This recipe is brilliant for using up a glut in the garden. You can use courgettes that have turned into marrows and it’s a great way to make use of green tomatoes.
This year, as we have so many courgettes, I have also made some courgette chutney, using this recipe as a guide – with 1 kg courgettes and no tomatoes or ginger.
500g peeled roughly chopped tomatoes
500g peeled chopped courgettes
2 largish onions, peeled and chopped into small pieces
1-2 hot chillies, finely chopped (although these could be omitted)
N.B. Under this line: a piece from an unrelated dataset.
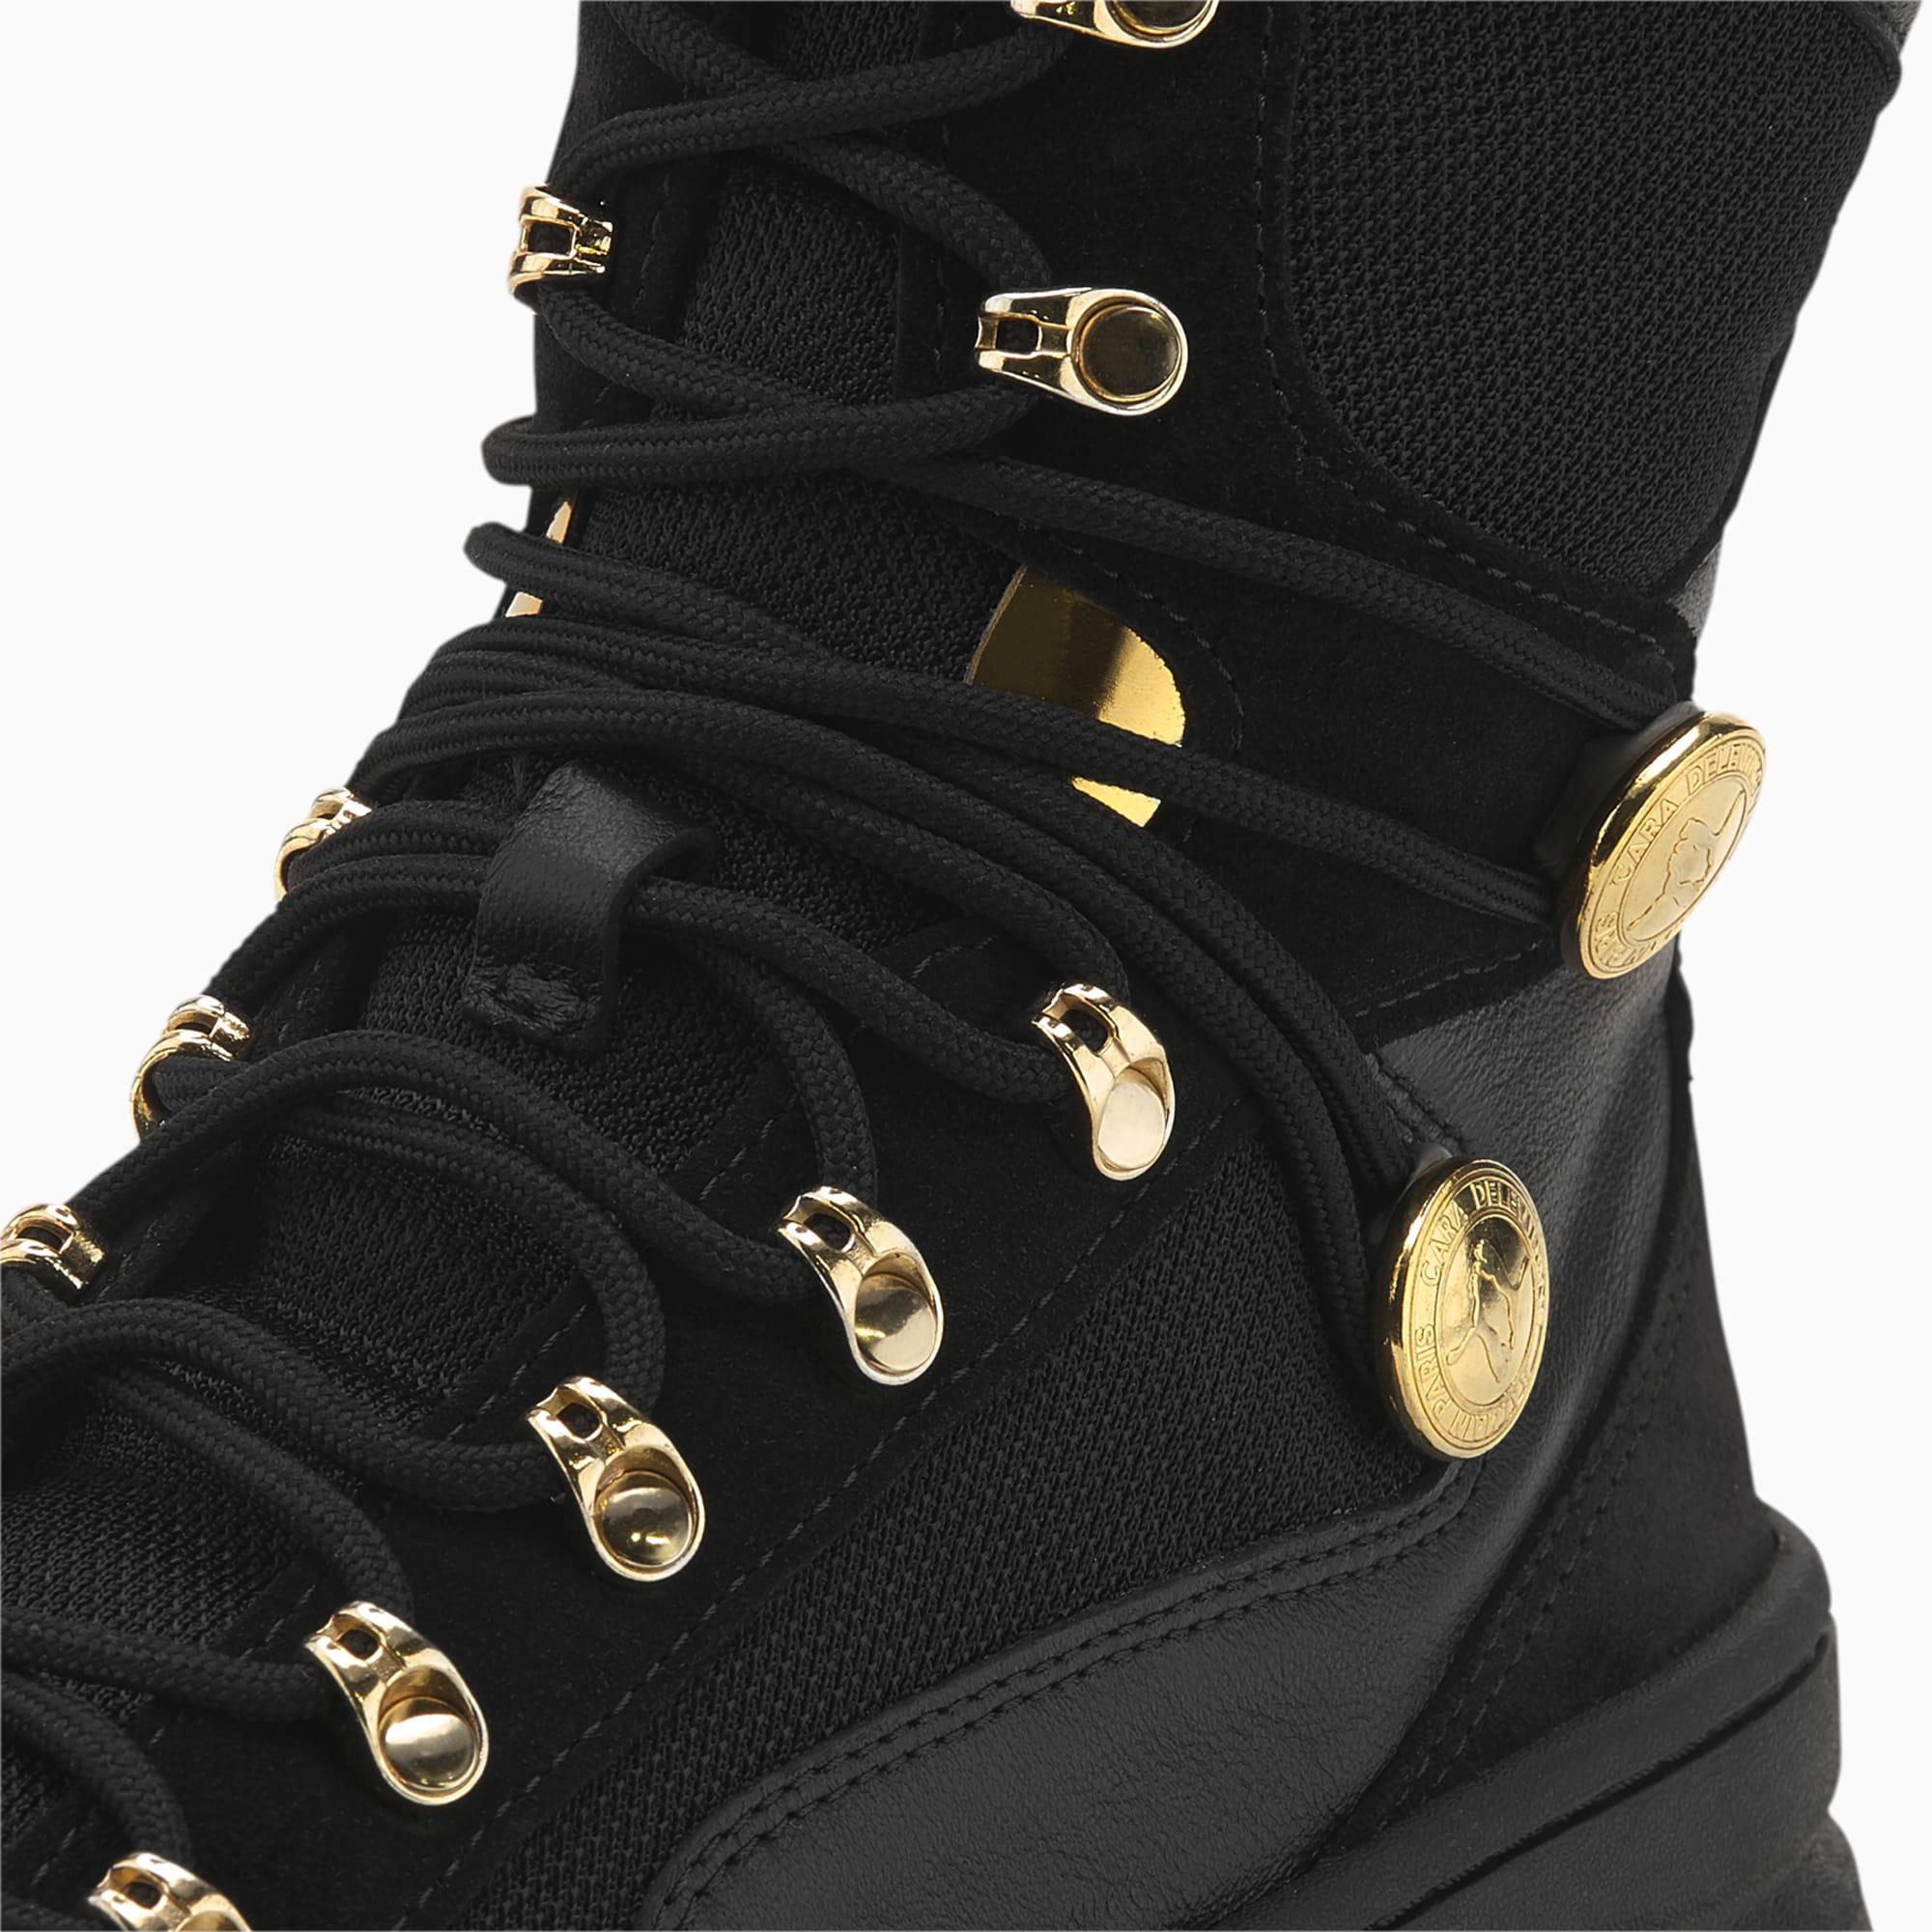 PUMA x BALMAIN DEVA støvler til kvinder

1 thumb-size piece ginger, finely chopped
3 eating apples, peeled and chopped
1 bottle malt vinegar
250g granulated sugar
2 to 3 tea spoons powdered mustard
3 to 4 finely chopped cloves of garlic
Put all the ingredients into a large 5 pint saucepan.
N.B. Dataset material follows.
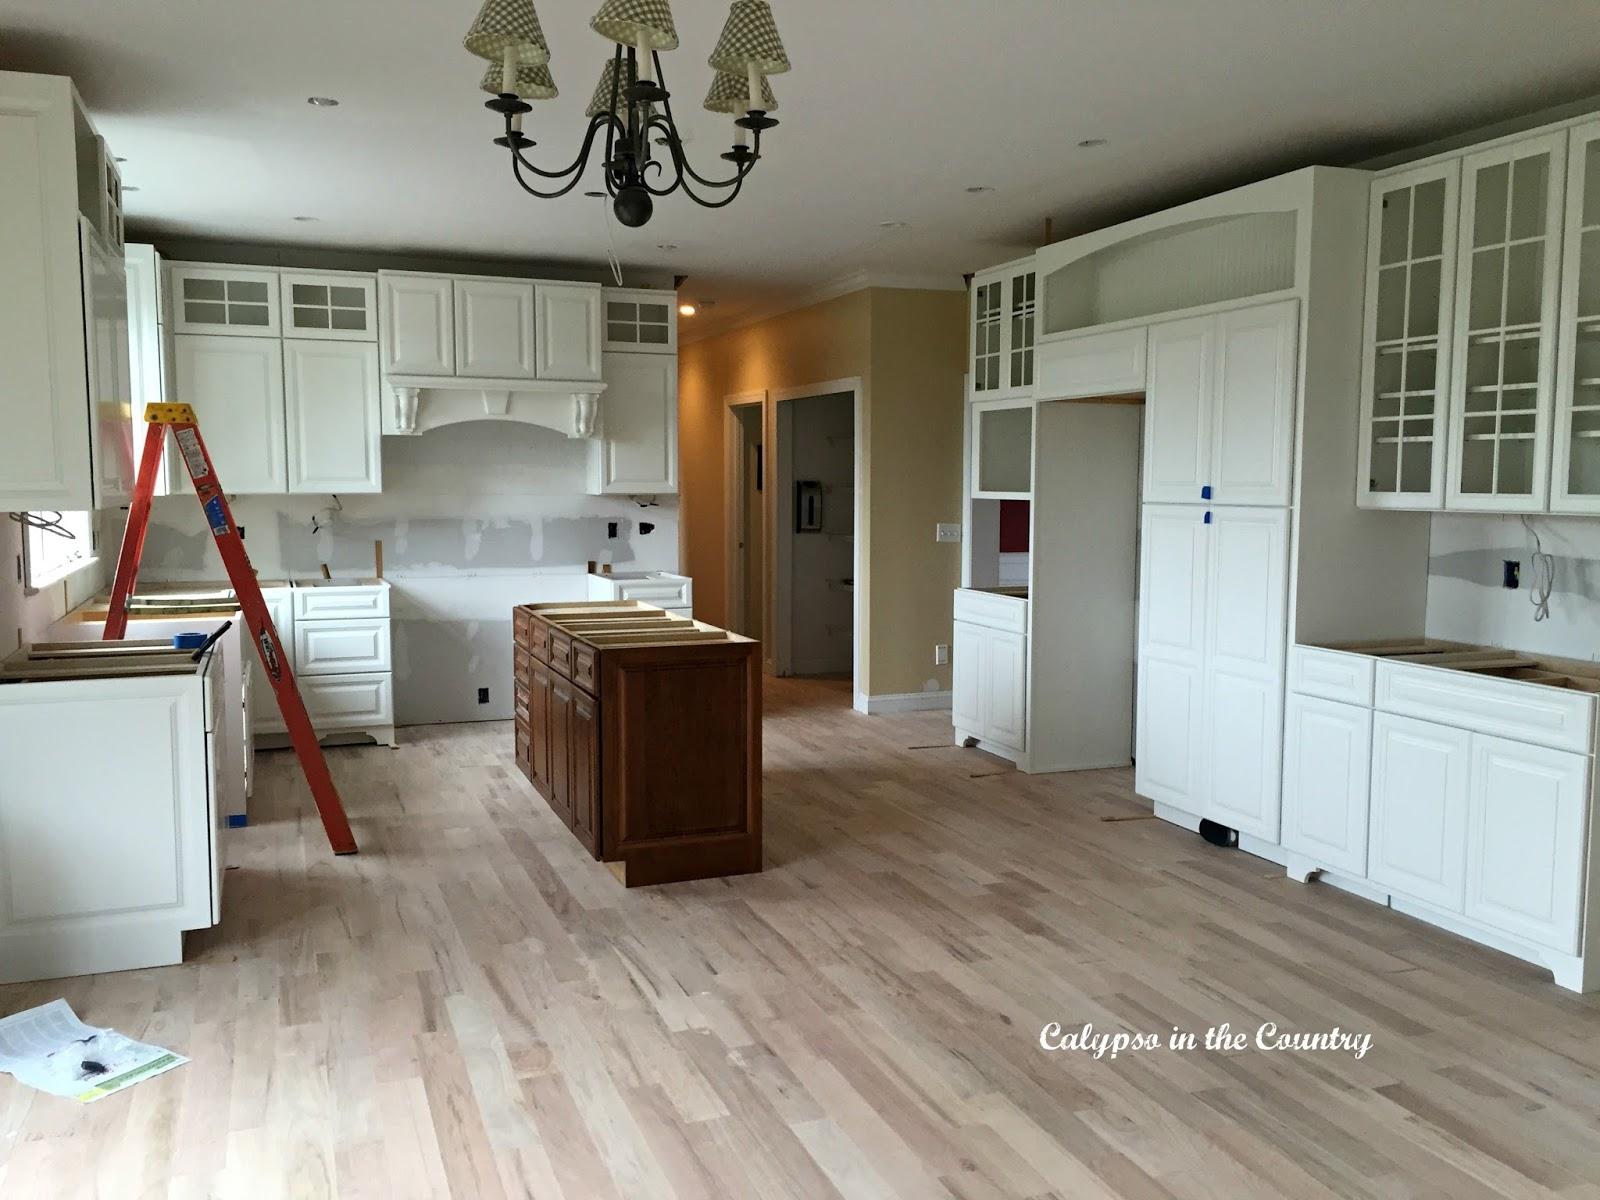 Kitchen Renovation Progress

Boil down gently without a lid on, stirring from time to time, until the excess liquid has gone, the remaining liquid thickens, and the mixture has the consistency of chutney. This takes 2 to 3 hours.
Put chutney into sterilised jars and seal.
Store for about 3 months before eating.
Here’s how to sterilise the jars:
Wash empty jam jars and lids thoroughly.
Place jars upside down on a baking tray in a cool oven (about 100 degrees C) for about half an hour to sterilise. (I find the hardest bit is to judge when to switch the oven on, i.e. when the chutney is likely to be ready in about half an hour.)
Boil the lids in a pan of hot water for about 10 minutes to sterilise them, together with some spoons to use to put the chutney into the jars.
Spoon the chutney into the jars while the chutney and jars are hot.
Cover each jar with a waxed paper disc (you can buy packets of these for jam making).
Screw the lid on while still hot to seal. If you use the jars where the centre of the lid pops up if the jar is no longer sealed, you can ensure that the jars are properly sealed.